The Yurei ransomware campaign, active since September 2025, represents a double extortion threat where attackers encrypt victim data and threaten to leak stolen information via a Tor-hosted leak site. Yurei is reportedly derived from Prince Ransomware, an open-source ransomware family written in the Go programming language, which facilitates rapid development and deployment. Check Point researchers observed that all known samples were initially submitted to VirusTotal from Morocco, suggesting possible origin or testing activities in that region. One sample lacked a ticket ID, indicating it may be a developer test build. Notably, Yurei samples contain references to SatanLockv2 ransomware, implying shared code or toolkits between these ransomware families. The campaign uses multiple tactics including network scanning (T1046), execution of commands (T1059.001), credential access via valid accounts (T1078), and use of remote access tools like AnyDesk (T1550.002). The operators run their own Tor-based data leak site, consistent with double extortion ransomware trends. Despite the low number of victims publicly listed, the exposure of the operator toolkit and indicators such as file hashes provides defenders with actionable intelligence. No known exploits are currently active in the wild, but the campaign’s modular nature and use of open-source code could facilitate rapid evolution and wider targeting. The medium severity rating reflects the moderate impact on confidentiality, integrity, and availability, combined with the need for authentication and some user interaction for initial access.
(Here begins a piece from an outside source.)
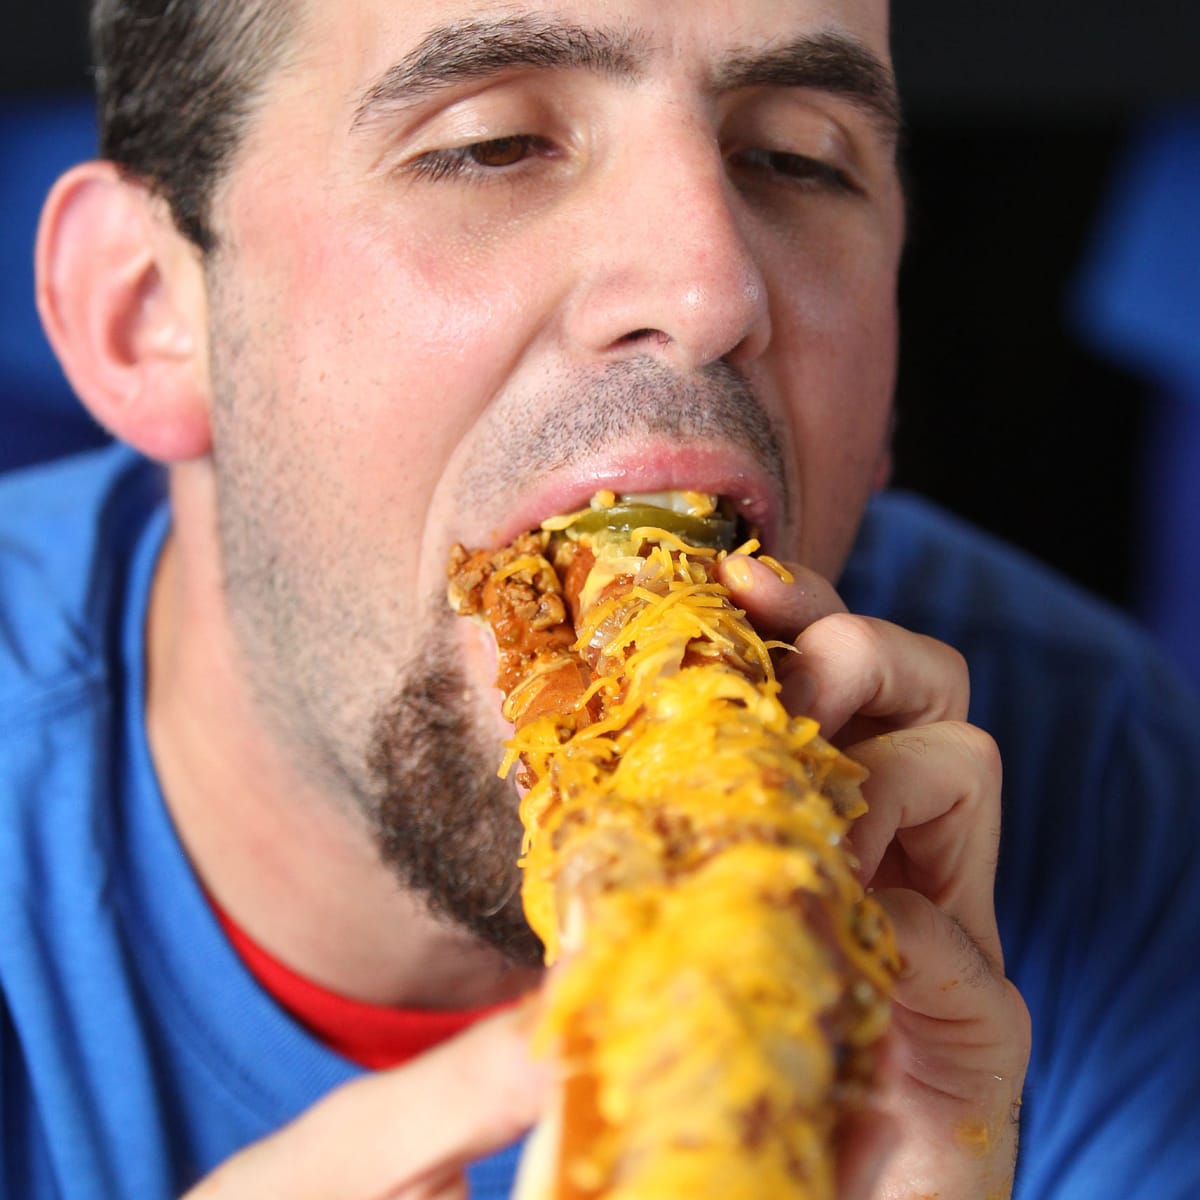 Fenway Frank? Dodger Dog? Rangers Boomstick? In search of MLB's best hot dog  … – The Ross News

Yurei ransomware poses a significant threat to organizations by combining data encryption with the risk of sensitive data leakage, increasing pressure on victims to pay ransoms. The double extortion tactic can cause severe reputational damage, legal liabilities, and operational disruption. The use of open-source ransomware code lowers the barrier for attackers to customize and deploy variants, potentially increasing the campaign’s reach. The inclusion of credential theft and remote access tools enables lateral movement within networks, escalating the risk of widespread compromise. Although the current victim count is low, the campaign’s presence on the Tor leak site indicates active extortion attempts. Organizations with inadequate network segmentation, weak credential management, or exposed remote access services are particularly vulnerable. The medium severity suggests that while the threat is not yet widespread or highly destructive, it has the potential to cause moderate to significant operational and financial impacts if successfully deployed.

Organizations should implement multi-factor authentication (MFA) across all remote access and privileged accounts to mitigate credential abuse. Network segmentation and strict access controls can limit lateral movement and contain infections. Continuous monitoring for unusual network scanning activity (T1046) and command execution (T1059.001) is critical to early detection. Deploy endpoint detection and response (EDR) solutions capable of identifying ransomware behaviors and known Yurei indicators, including the provided file hashes. Restrict or monitor the use of remote access tools like AnyDesk, ensuring they are only used when necessary and secured properly. Regularly back up critical data with offline or immutable storage to enable recovery without paying ransom. Conduct phishing awareness training to reduce the risk of initial compromise. Finally, monitor Tor sites and threat intelligence feeds for updates on Yurei activity and indicators to stay ahead of evolving tactics.